“Ma, nanti kalau aku dan
adik sudah lulus kuliah, kita renovasi rumah kita, ya.”
Kata ku kepada mama yang sedang
mendengarkan permintaan putrinya di ujung telfon. Sambil tertawa mama
menjawabku, “Iya sayang, berdoa saja biar kita dapat rejeki.”
Mendengar jawaban mama imajinasiku
melayang dan membayangkan sebuah rumah impian, sebuah rumah yang selama ini
selalu aku dambakan.
Lamunanku
akan rumah impian seketika buyar saat Rika, adikku masuk ke kamar.
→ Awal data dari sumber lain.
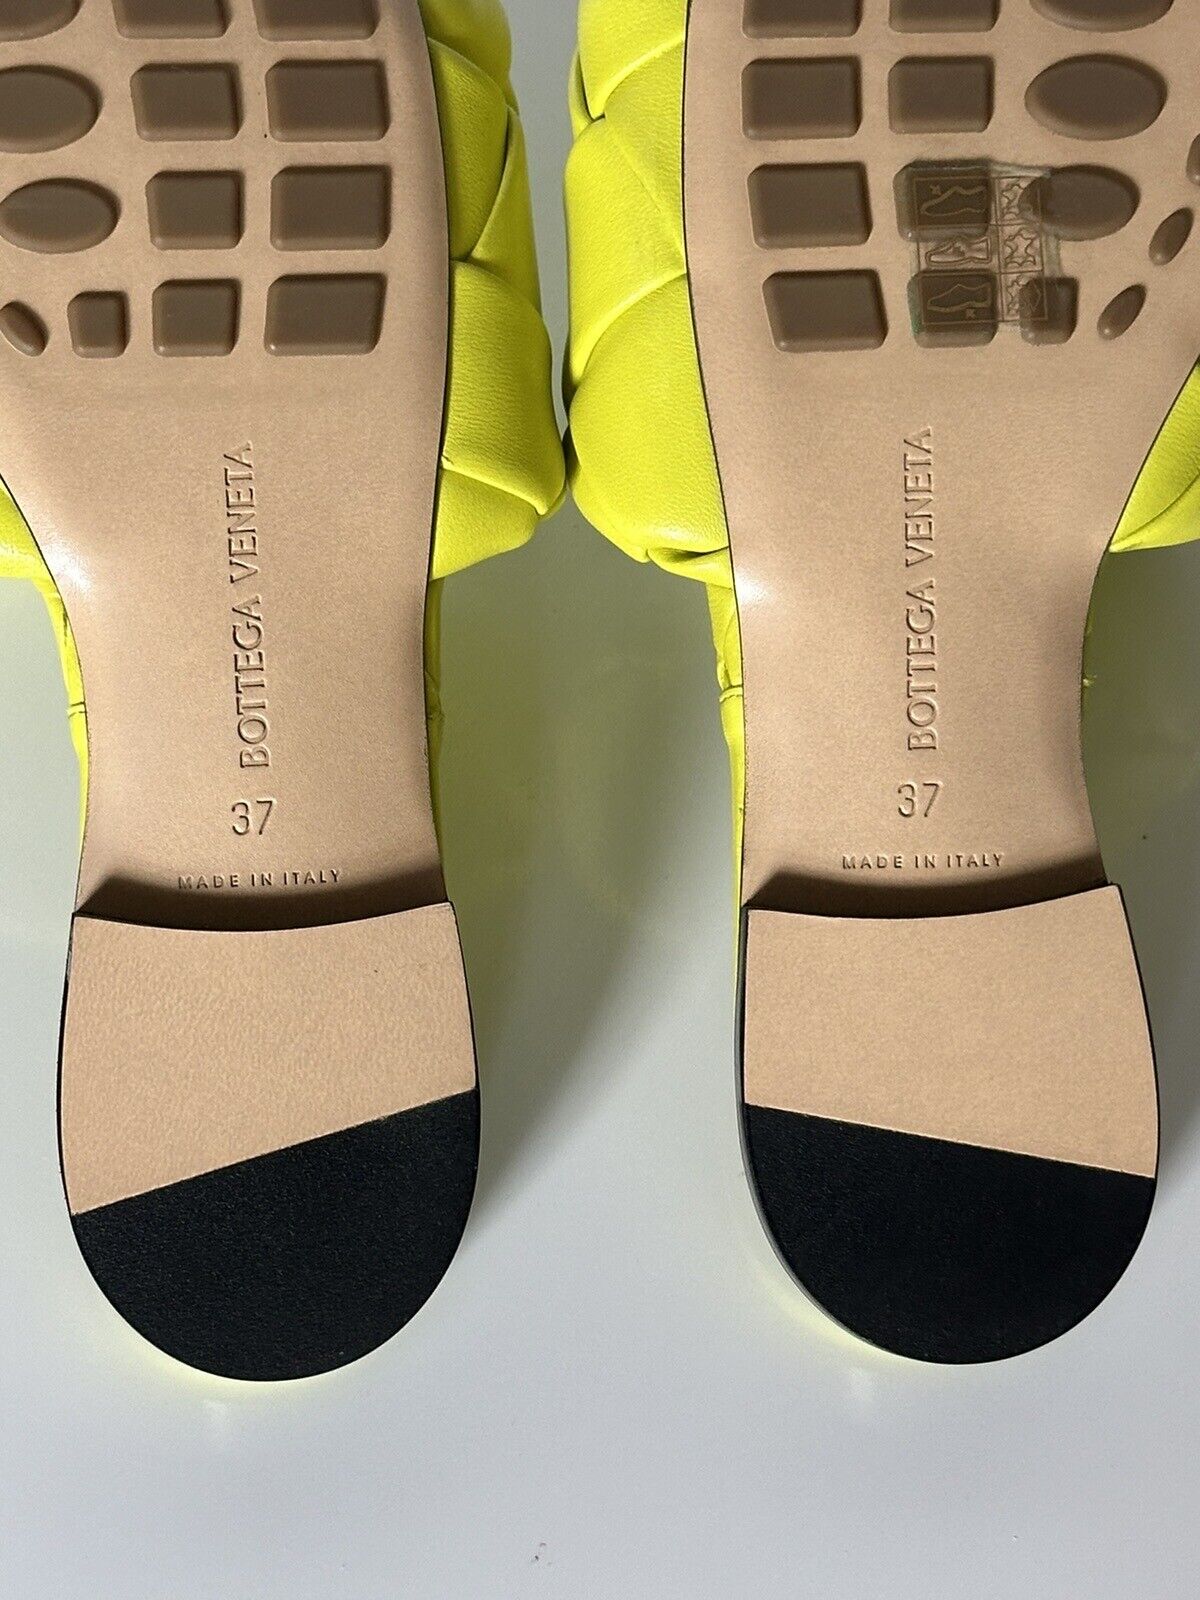 NWT 1350 долларов США Bottega Veneta Желтые лимонные сандалии на плоской подошве 7 США (37 евро) 608853 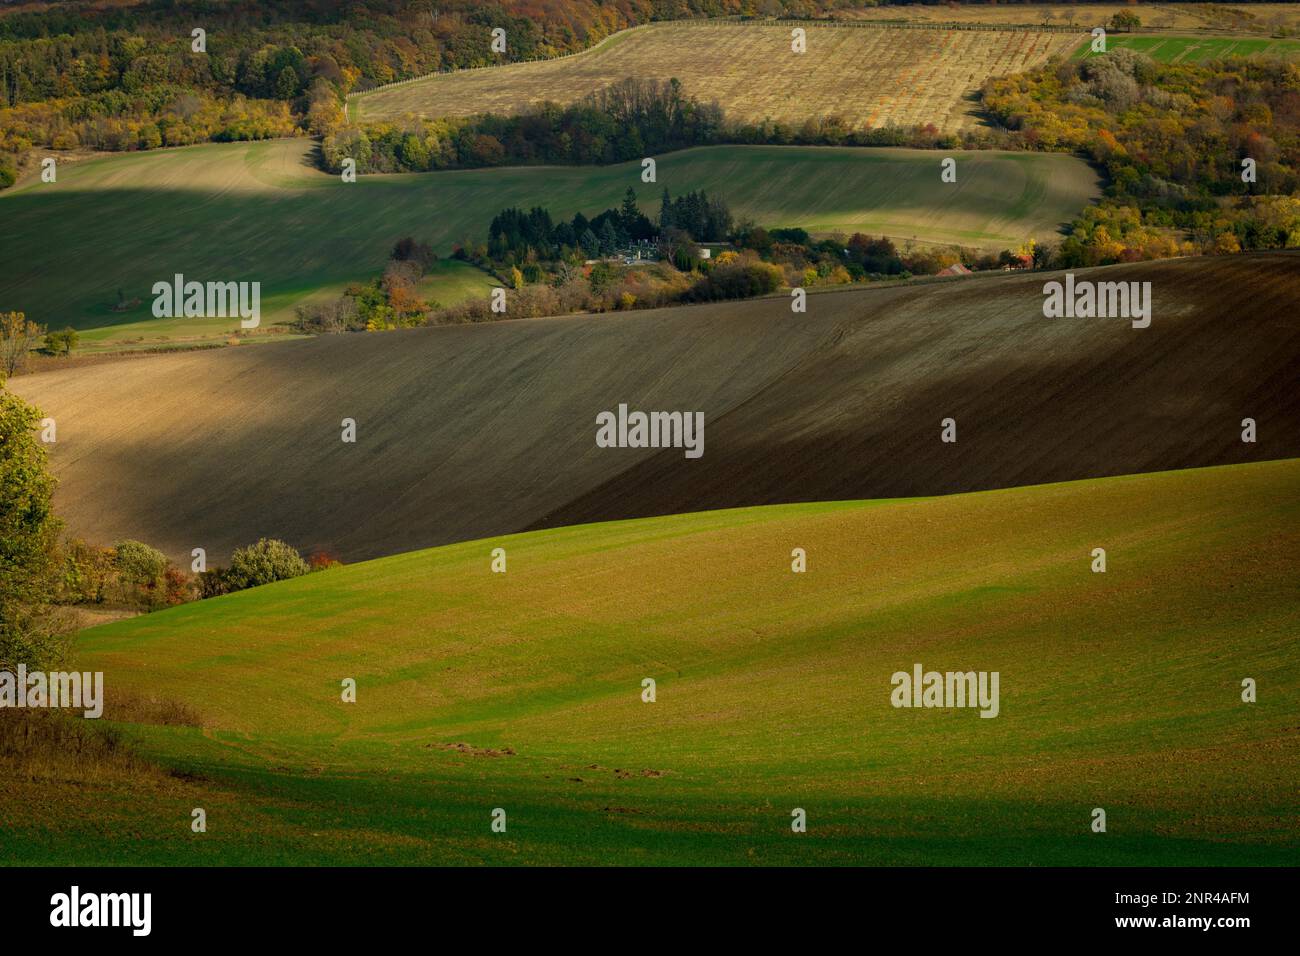 Wunderschöne Landschaft mit gepflügten mährischen Feldern im Herbst. Tschechische republik, Mährisch, Tschechische republik Stockfoto

Dia 2 tahun lebih muda dari aku, dan kini kami
tinggal bersama di satu kamar kost di salah satu kota besar di Jawa Tengah.
“Telfon sama siapa tadi?” Tanya Rika dengan
gayanya yang cuek.
“Sama mama.” Jawabku singkat, tanpa
berpaling dari telefon genggamku yang sedang ku mainkan.
“Ngobrol apa sama mama?”
“Ngobrolin rumah.”
“Emang
rumah kita kenapa?”
“Ngga
kenapa-kenapa kok, aku cuma bilang ke
mama, nanti kalo kita udah selesai kuliah, rumah kita di
renovasi, kan mama ngga ngirimin kita uang bulanan lagi,
jadi uangnya bisa buat renovasi rumah.”
Sudah
lama sekali aku tidak pulang ke rumah. Sesekali kurasakan rindu yang teramat
dalam akan hari-hariku saat aku masih tinggal di rumah bersama semua anggota
keluargaku. Saat mama membangunkanku di pagi hari, membuatkan kami sarapan
sebelum berangkat sekolah, saat mama dengan sabarnya mendengarkan cerita gadis
kecilnya yang sedang jatuh cinta, saat aku, adik, abang dan kedua orang tuaku
berkumpul di malam Natal dan Tahun Baru.
Hal
yang paling aku rindukan di rumah adalah saat kami sekeluarga makan malam
bersama. Masakan mama yang spesial selalu membuatnya mendapatkan pujian dari
suami dan anak-anaknya. Mama mendapat julukan sebagai koki terhebat sedunia,
karena mama selalu memasak dan menyajikan menu masakannya dengan penuh cinta.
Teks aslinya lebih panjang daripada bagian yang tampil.